In Indiana, the maternal mortality rate is 93% higher for black women than for white women. In general, educated women are less likely to die during pregnancy or childbirth, but a black woman who graduates from college is still at greater risk than a white woman who has not completed high school.

The Indiana Maternal Mortality Review Committee report earlier this year reported that 92 Hoosier women died in 2020 and that 73 of those deaths were considered preventable. Only half of the women who died in 2020 received prenatal care during their first trimester, while another 15.2% received no prenatal care at all.

Compared to the state’s live births, 69.3% of mothers accessed nursing, leading the committee to conclude that inadequate prenatal care may be a contributing factor to Indiana’s maternal mortality rate.

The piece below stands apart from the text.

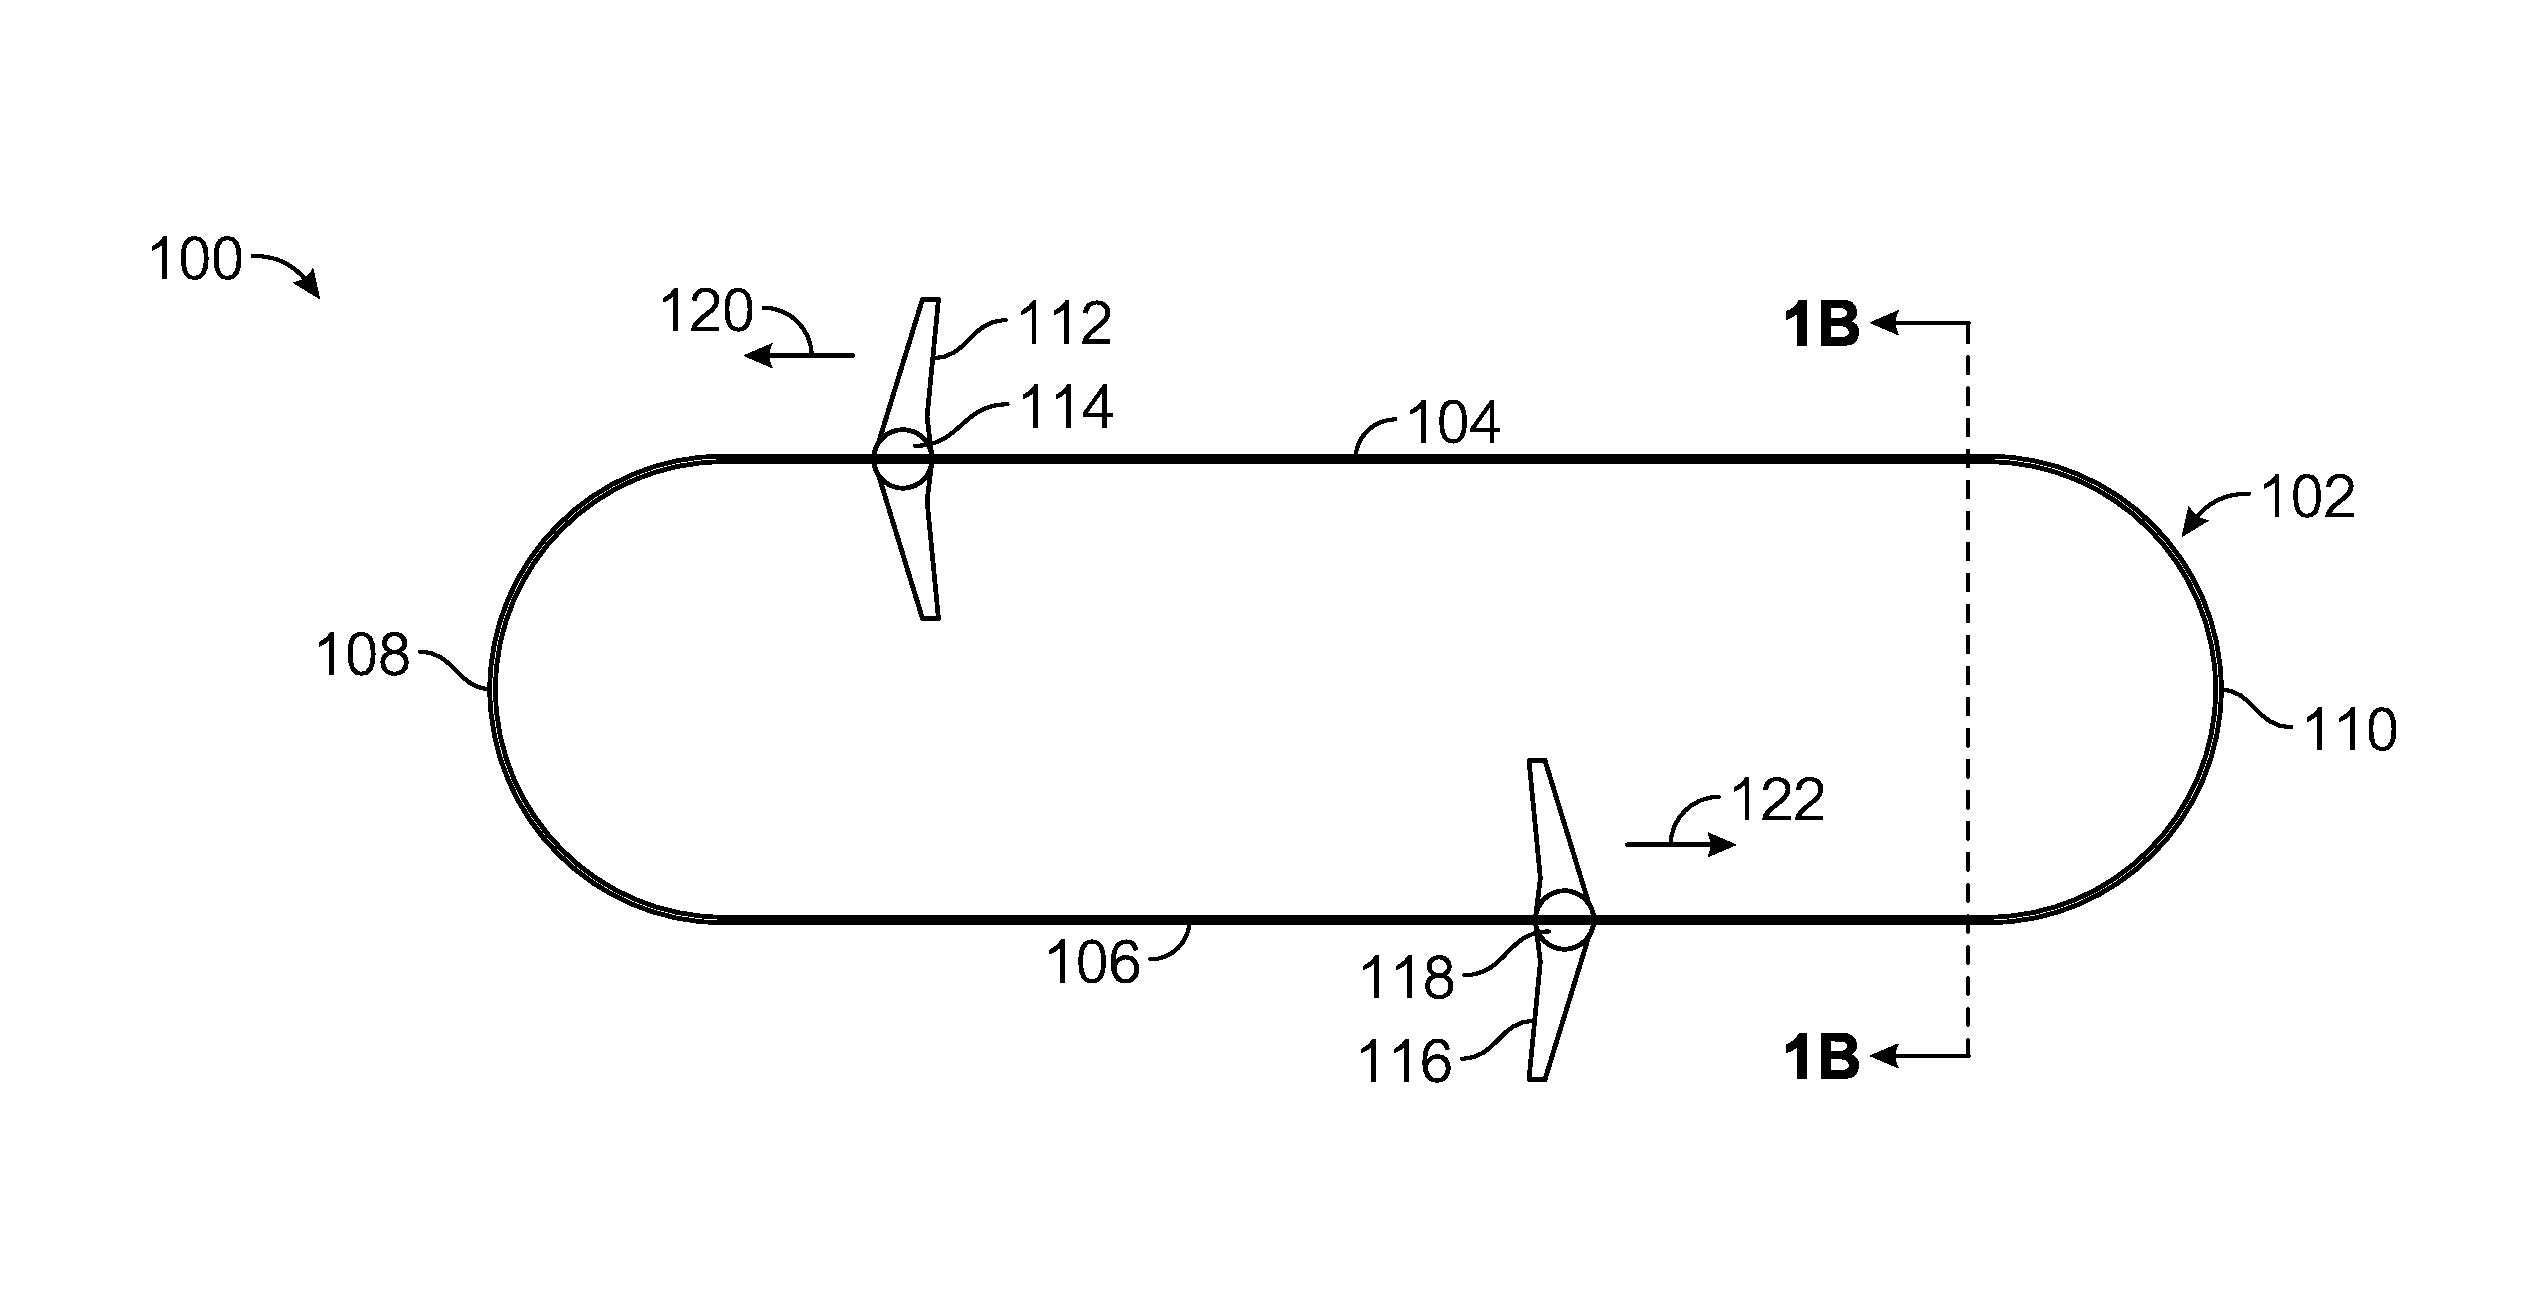 Apparatus for extracting power from fluid flow
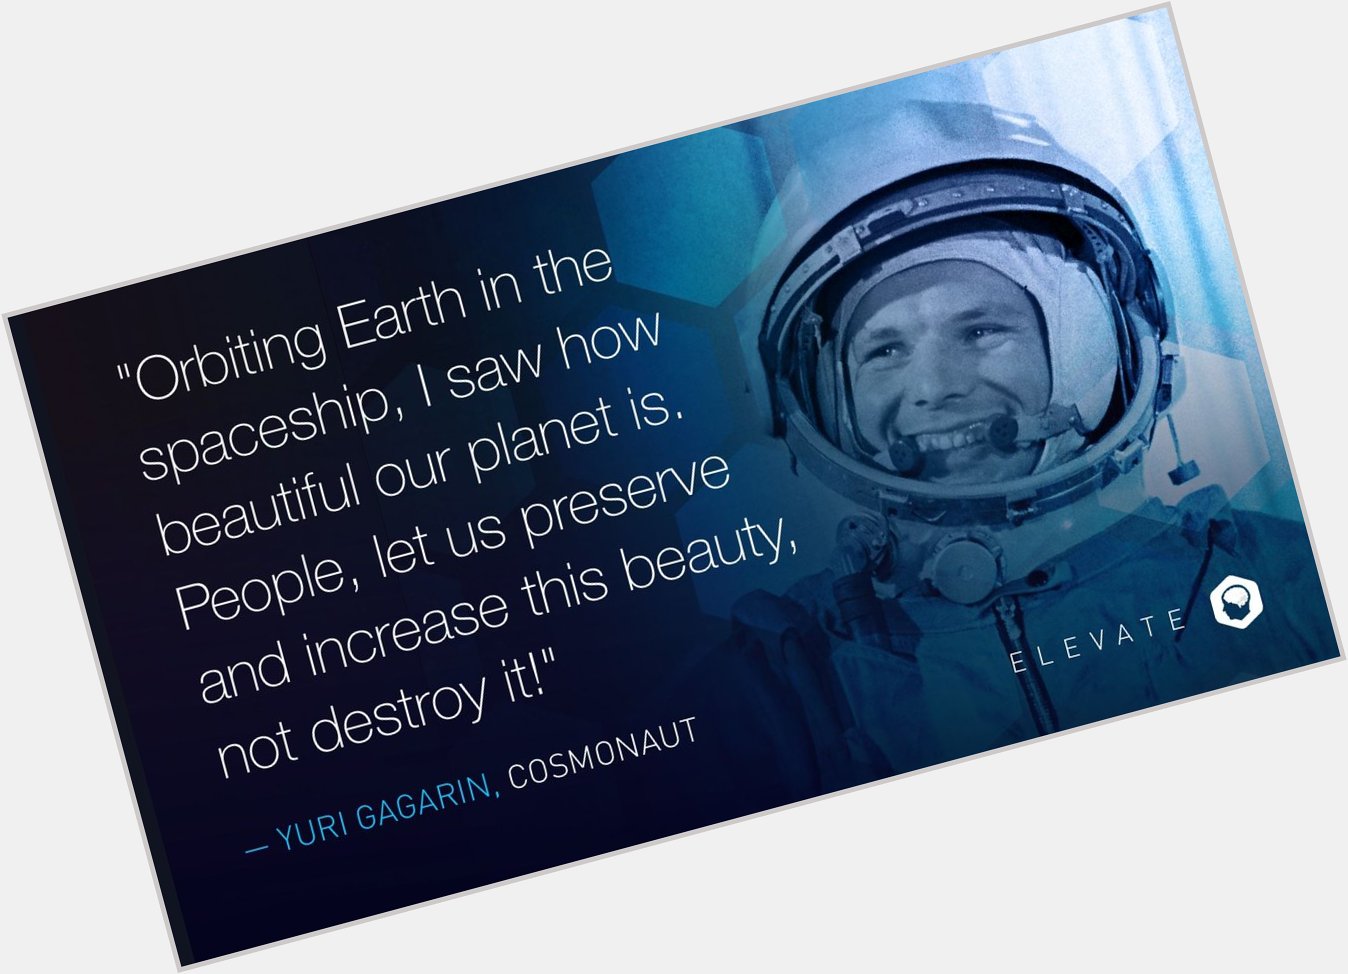 Happy birthday to cosmonaut Yuri Gagarin. He is best known for being the first person to venture into outer space.

But these appointments serve another equally important purpose of assessing the health of the expecting child, whether that’s screening for health conditions or analyzing third-trimester movement.

suggested solutions

A program to partially reduce this disparity in access to health care — My Healthy Baby, which finds community partners for pregnant women — was expanded to its 82nd district in Porter County last month. In 2022, it was introduced in 35 counties, including Porter.

The March of Dimes report commended Indiana for expanding Medicaid to 12 months after childbirth for mothers and establishing committees to study maternal and infant health. But the state hasn’t allowed Medicaid to reimburse 90% or more for services performed by certified midwives.

While the state report analyzing the economic cost of preterm birth considered several maternal health interventions, including prescribing the hormone progesterone to expectant mothers, which could reduce preterm births by 20-40%. Other suggestions include establishing group organizations for prenatal care, using home visiting programs, reducing teenage pregnancies, expanding telemedicine, and investing in smoking cessation programs.

“…the cost of perinatal morbidity is staggering – both the financial cost to the state of Indiana and the human, social and emotional cost to its Hoosiers,” concludes the state’s report. “Investments in Indiana-specific research and programs to reduce perinatal morbidity will have rewards well beyond the cost.”